# [Try it]
Write out the data in full, exactly as shown.

# [Data records]
****************************************

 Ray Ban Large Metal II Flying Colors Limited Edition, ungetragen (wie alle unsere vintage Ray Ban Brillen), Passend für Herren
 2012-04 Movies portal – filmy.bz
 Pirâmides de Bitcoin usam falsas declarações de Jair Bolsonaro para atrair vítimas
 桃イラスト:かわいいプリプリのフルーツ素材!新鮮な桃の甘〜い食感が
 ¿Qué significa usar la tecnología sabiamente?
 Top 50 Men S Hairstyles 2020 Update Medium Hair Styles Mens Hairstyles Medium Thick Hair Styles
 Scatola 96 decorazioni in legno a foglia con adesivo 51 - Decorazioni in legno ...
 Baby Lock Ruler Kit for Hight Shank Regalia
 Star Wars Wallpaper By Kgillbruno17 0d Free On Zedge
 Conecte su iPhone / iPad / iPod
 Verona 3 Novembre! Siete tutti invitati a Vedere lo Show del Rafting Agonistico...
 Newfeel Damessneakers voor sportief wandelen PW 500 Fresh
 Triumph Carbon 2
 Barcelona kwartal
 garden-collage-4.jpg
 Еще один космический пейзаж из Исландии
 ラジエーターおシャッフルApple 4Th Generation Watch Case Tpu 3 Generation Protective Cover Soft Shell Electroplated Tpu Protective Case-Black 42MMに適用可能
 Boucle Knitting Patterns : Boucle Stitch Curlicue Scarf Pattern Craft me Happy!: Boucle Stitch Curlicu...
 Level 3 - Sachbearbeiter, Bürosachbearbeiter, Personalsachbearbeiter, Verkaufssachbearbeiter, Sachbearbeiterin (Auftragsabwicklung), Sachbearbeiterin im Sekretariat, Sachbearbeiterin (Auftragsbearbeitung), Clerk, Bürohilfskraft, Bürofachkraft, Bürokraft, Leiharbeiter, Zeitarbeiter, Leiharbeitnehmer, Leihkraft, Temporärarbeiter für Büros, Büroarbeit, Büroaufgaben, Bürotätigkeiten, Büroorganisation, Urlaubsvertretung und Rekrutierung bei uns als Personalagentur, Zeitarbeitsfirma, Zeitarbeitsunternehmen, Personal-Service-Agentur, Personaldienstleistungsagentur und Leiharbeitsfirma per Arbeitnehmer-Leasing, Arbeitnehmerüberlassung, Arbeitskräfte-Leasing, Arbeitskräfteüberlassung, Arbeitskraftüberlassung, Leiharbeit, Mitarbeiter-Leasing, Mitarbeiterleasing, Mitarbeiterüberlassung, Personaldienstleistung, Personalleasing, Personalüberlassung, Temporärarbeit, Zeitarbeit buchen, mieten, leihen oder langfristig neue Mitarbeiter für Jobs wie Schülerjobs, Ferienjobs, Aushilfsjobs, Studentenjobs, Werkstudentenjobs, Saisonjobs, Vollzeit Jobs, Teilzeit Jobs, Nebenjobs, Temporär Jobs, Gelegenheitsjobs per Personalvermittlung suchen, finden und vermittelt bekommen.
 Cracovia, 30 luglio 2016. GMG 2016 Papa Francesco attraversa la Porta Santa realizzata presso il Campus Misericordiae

****************************************

# [Output below]
 Ray Ban Large Metal II Flying Colors Limited Edition, ungetragen (wie alle unsere vintage Ray Ban Brillen), Passend für Herren
 2012-04 Movies portal – filmy.bz
 Pirâmides de Bitcoin usam falsas declarações de Jair Bolsonaro para atrair vítimas
 桃イラスト:かわいいプリプリのフルーツ素材!新鮮な桃の甘〜い食感が
 ¿Qué significa usar la tecnología sabiamente?
 Top 50 Men S Hairstyles 2020 Update Medium Hair Styles Mens Hairstyles Medium Thick Hair Styles
 Scatola 96 decorazioni in legno a foglia con adesivo 51 - Decorazioni in legno ...
 Baby Lock Ruler Kit for Hight Shank Regalia
 Star Wars Wallpaper By Kgillbruno17 0d Free On Zedge
 Conecte su iPhone / iPad / iPod
 Verona 3 Novembre! Siete tutti invitati a Vedere lo Show del Rafting Agonistico...
 Newfeel Damessneakers voor sportief wandelen PW 500 Fresh
 Triumph Carbon 2
 Barcelona kwartal
 garden-collage-4.jpg
 Еще один космический пейзаж из Исландии
 ラジエーターおシャッフルApple 4Th Generation Watch Case Tpu 3 Generation Protective Cover Soft Shell Electroplated Tpu Protective Case-Black 42MMに適用可能
 Boucle Knitting Patterns : Boucle Stitch Curlicue Scarf Pattern Craft me Happy!: Boucle Stitch Curlicu...
 Level 3 - Sachbearbeiter, Bürosachbearbeiter, Personalsachbearbeiter, Verkaufssachbearbeiter, Sachbearbeiterin (Auftragsabwicklung), Sachbearbeiterin im Sekretariat, Sachbearbeiterin (Auftragsbearbeitung), Clerk, Bürohilfskraft, Bürofachkraft, Bürokraft, Leiharbeiter, Zeitarbeiter, Leiharbeitnehmer, Leihkraft, Temporärarbeiter für Büros, Büroarbeit, Büroaufgaben, Bürotätigkeiten, Büroorganisation, Urlaubsvertretung und Rekrutierung bei uns als Personalagentur, Zeitarbeitsfirma, Zeitarbeitsunternehmen, Personal-Service-Agentur, Personaldienstleistungsagentur und Leiharbeitsfirma per Arbeitnehmer-Leasing, Arbeitnehmerüberlassung, Arbeitskräfte-Leasing, Arbeitskräfteüberlassung, Arbeitskraftüberlassung, Leiharbeit, Mitarbeiter-Leasing, Mitarbeiterleasing, Mitarbeiterüberlassung, Personaldienstleistung, Personalleasing, Personalüberlassung, Temporärarbeit, Zeitarbeit buchen, mieten, leihen oder langfristig neue Mitarbeiter für Jobs wie Schülerjobs, Ferienjobs, Aushilfsjobs, Studentenjobs, Werkstudentenjobs, Saisonjobs, Vollzeit Jobs, Teilzeit Jobs, Nebenjobs, Temporär Jobs, Gelegenheitsjobs per Personalvermittlung suchen, finden und vermittelt bekommen.
 Cracovia, 30 luglio 2016. GMG 2016 Papa Francesco attraversa la Porta Santa realizzata presso il Campus Misericordiae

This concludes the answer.